__Dataset content__:
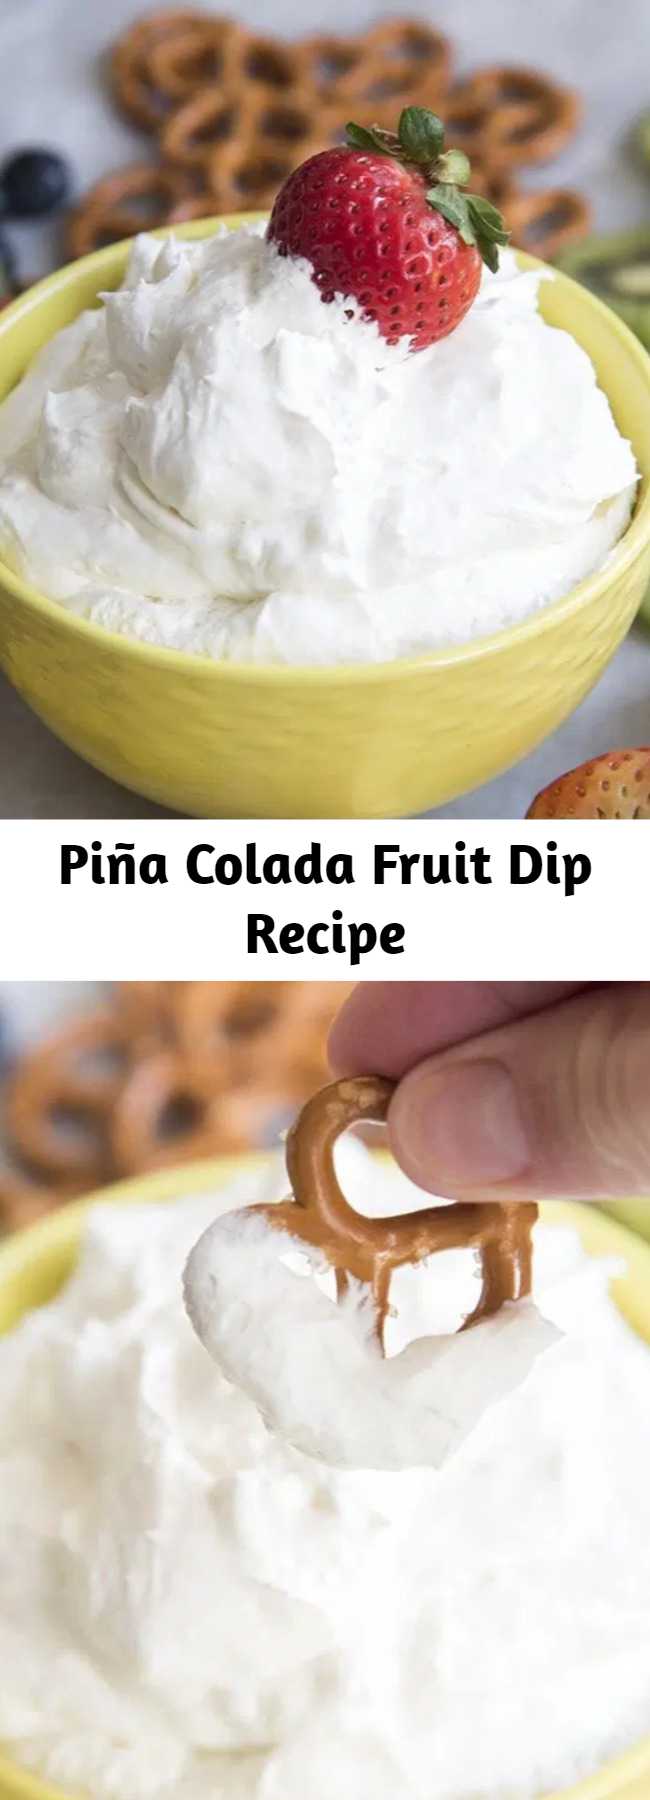 Piña Colada Fruit Dip Recipe - This fruit dip combines those great piña colada flavors of coconut and pineapple, along with cream cheese and cool whip for a perfect fruit dip.
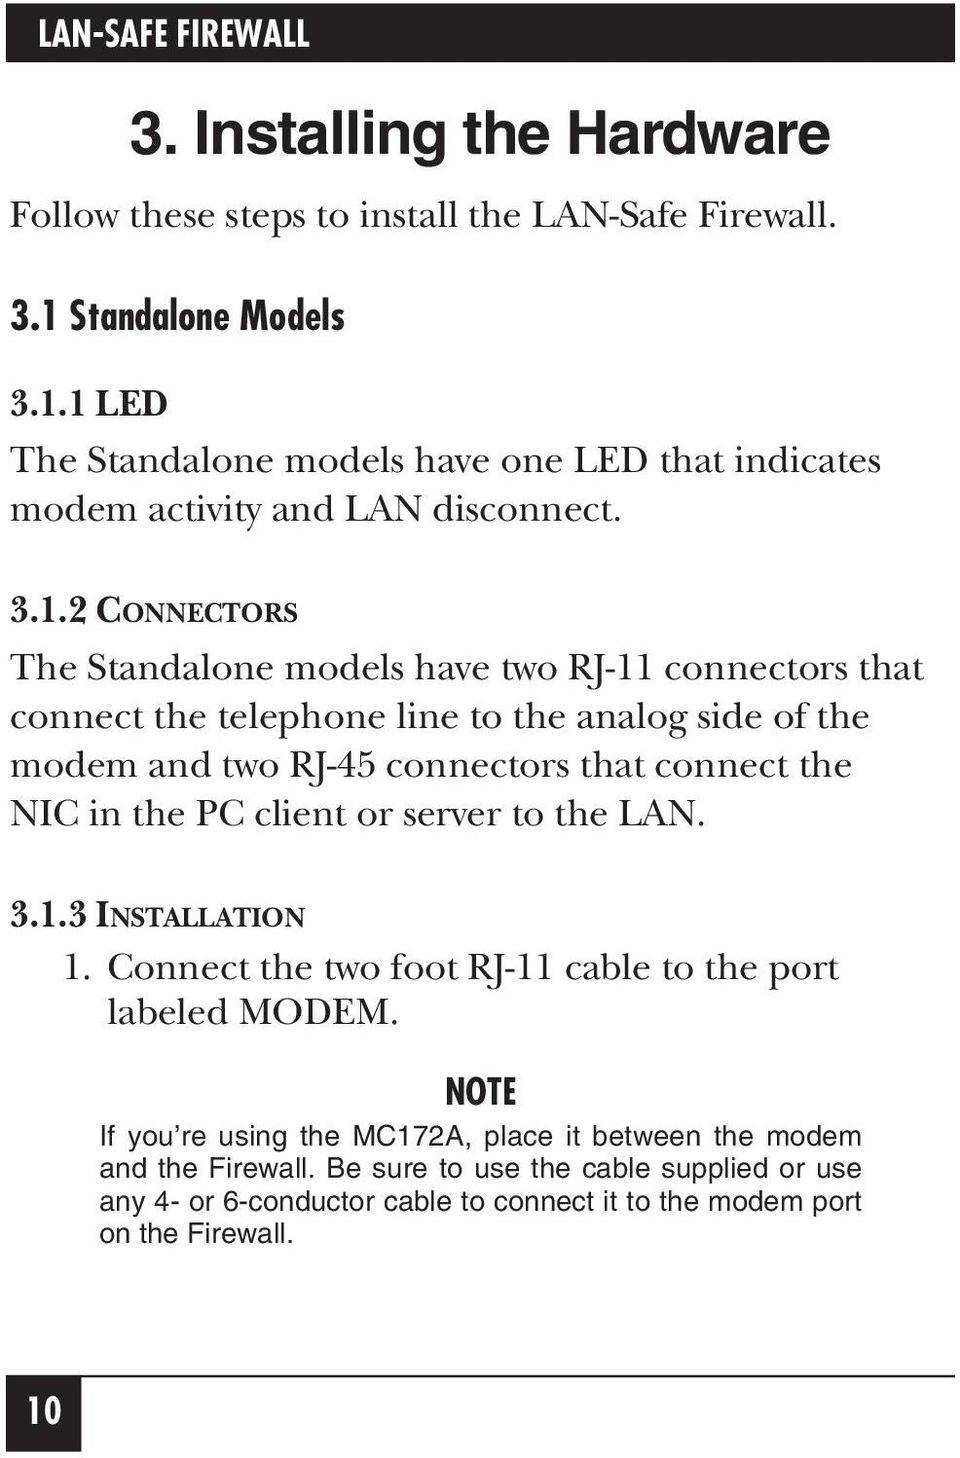 1 LED The Standalone models have one LED that indicates modem activity and LAN disconnect. 3.1.2 CONNECTORS The Standalone models have two RJ-11 connectors that connect the
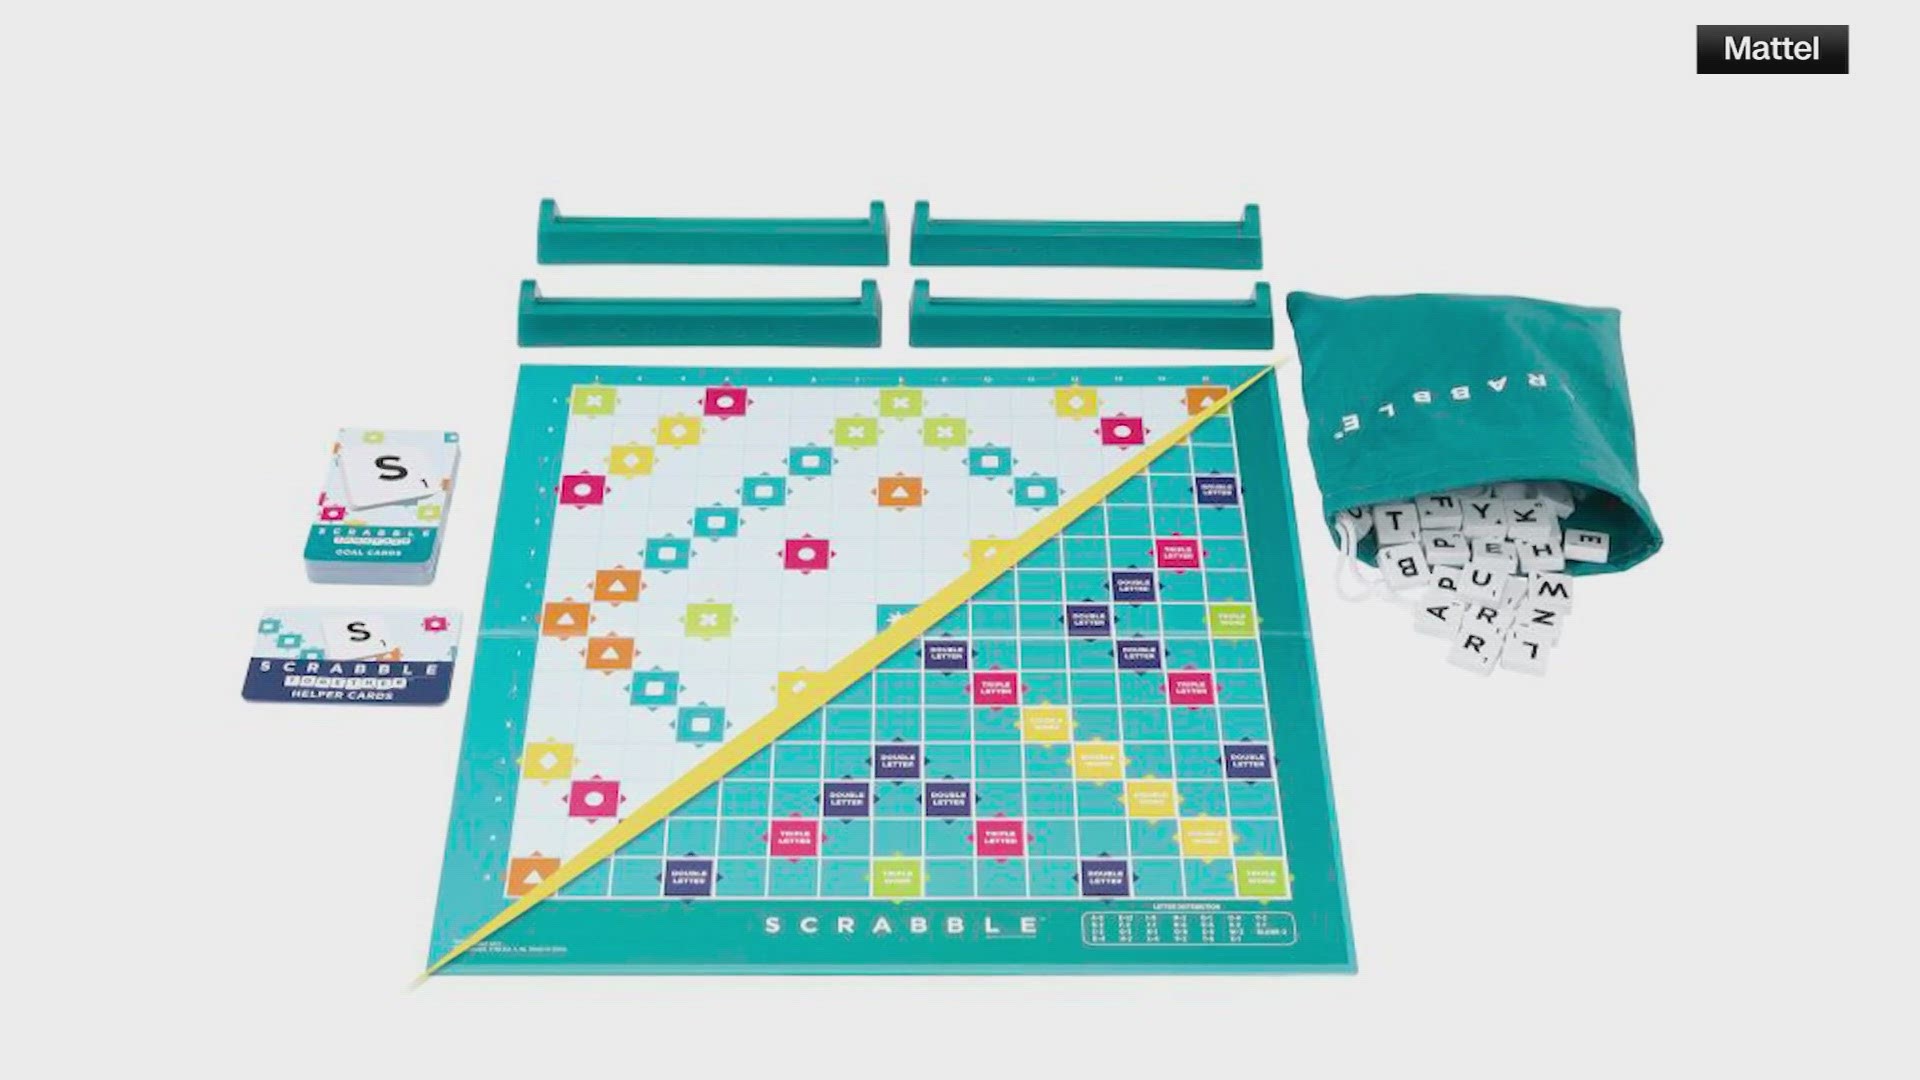 What do you think of the new Scrabble Together game?
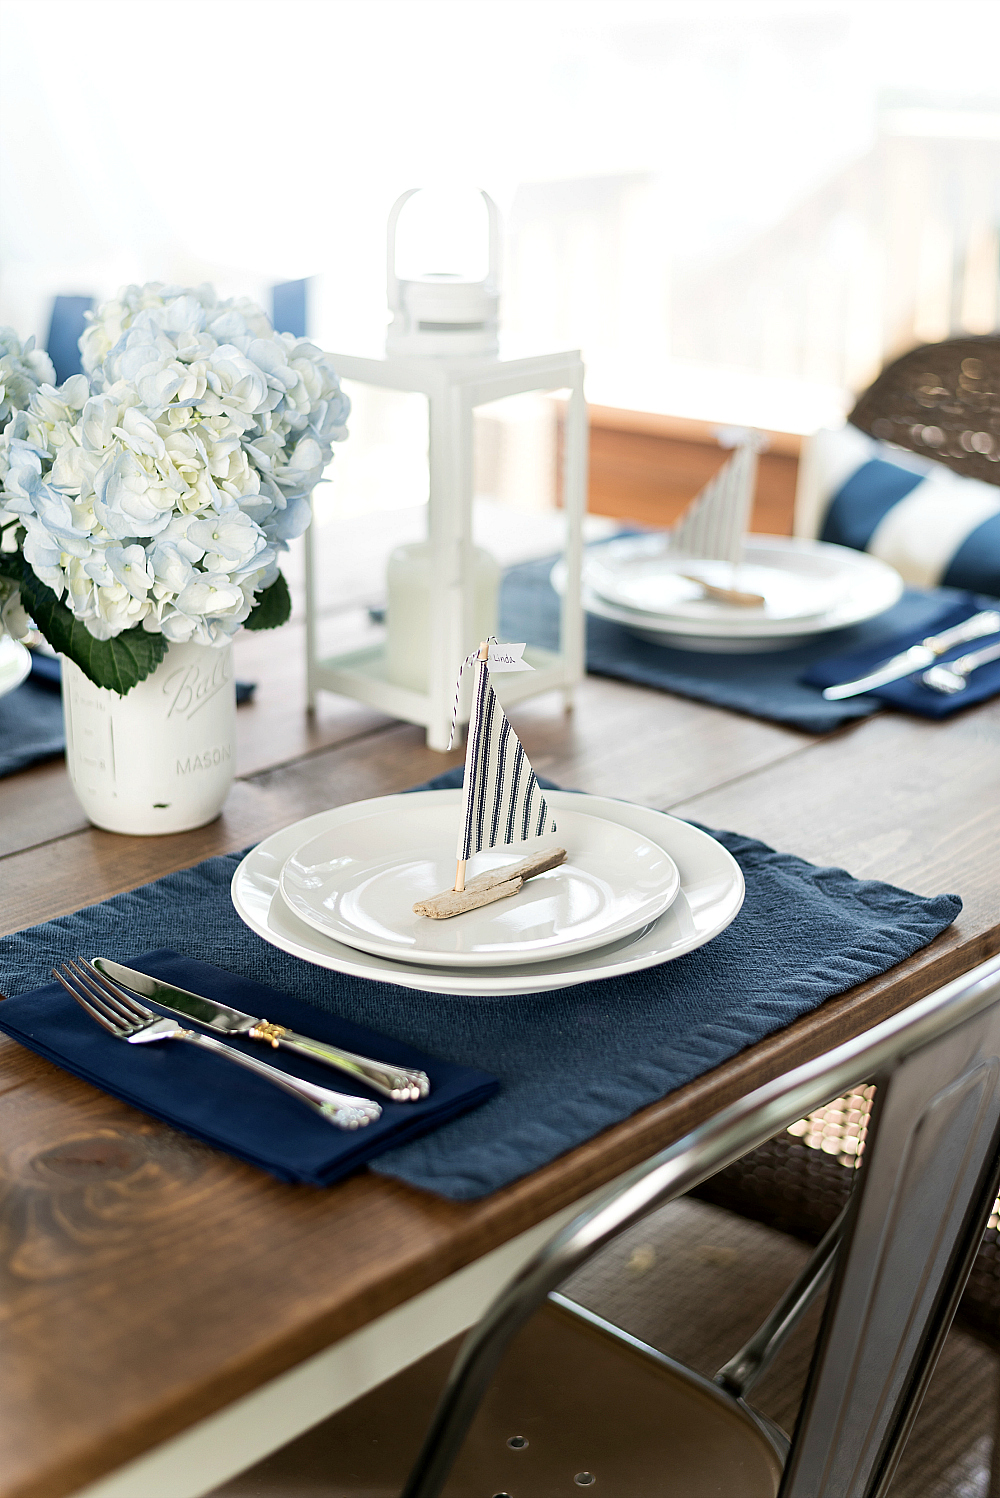 http://www.itallstartedwithpaint.com/wp-content/uploads/2017/09/nautical-table-setting-ideas-summer-table-setting-8-of-42.jpg

__Your assignment__: Write out, word for word, the lines running from the one containing "What do you" to the end of the data above; the pictures are to be left out.

__Task output__:
 What do you think of the new Scrabble Together game?
 http://www.itallstartedwithpaint.com/wp-content/uploads/2017/09/nautical-table-setting-ideas-summer-table-setting-8-of-42.jpg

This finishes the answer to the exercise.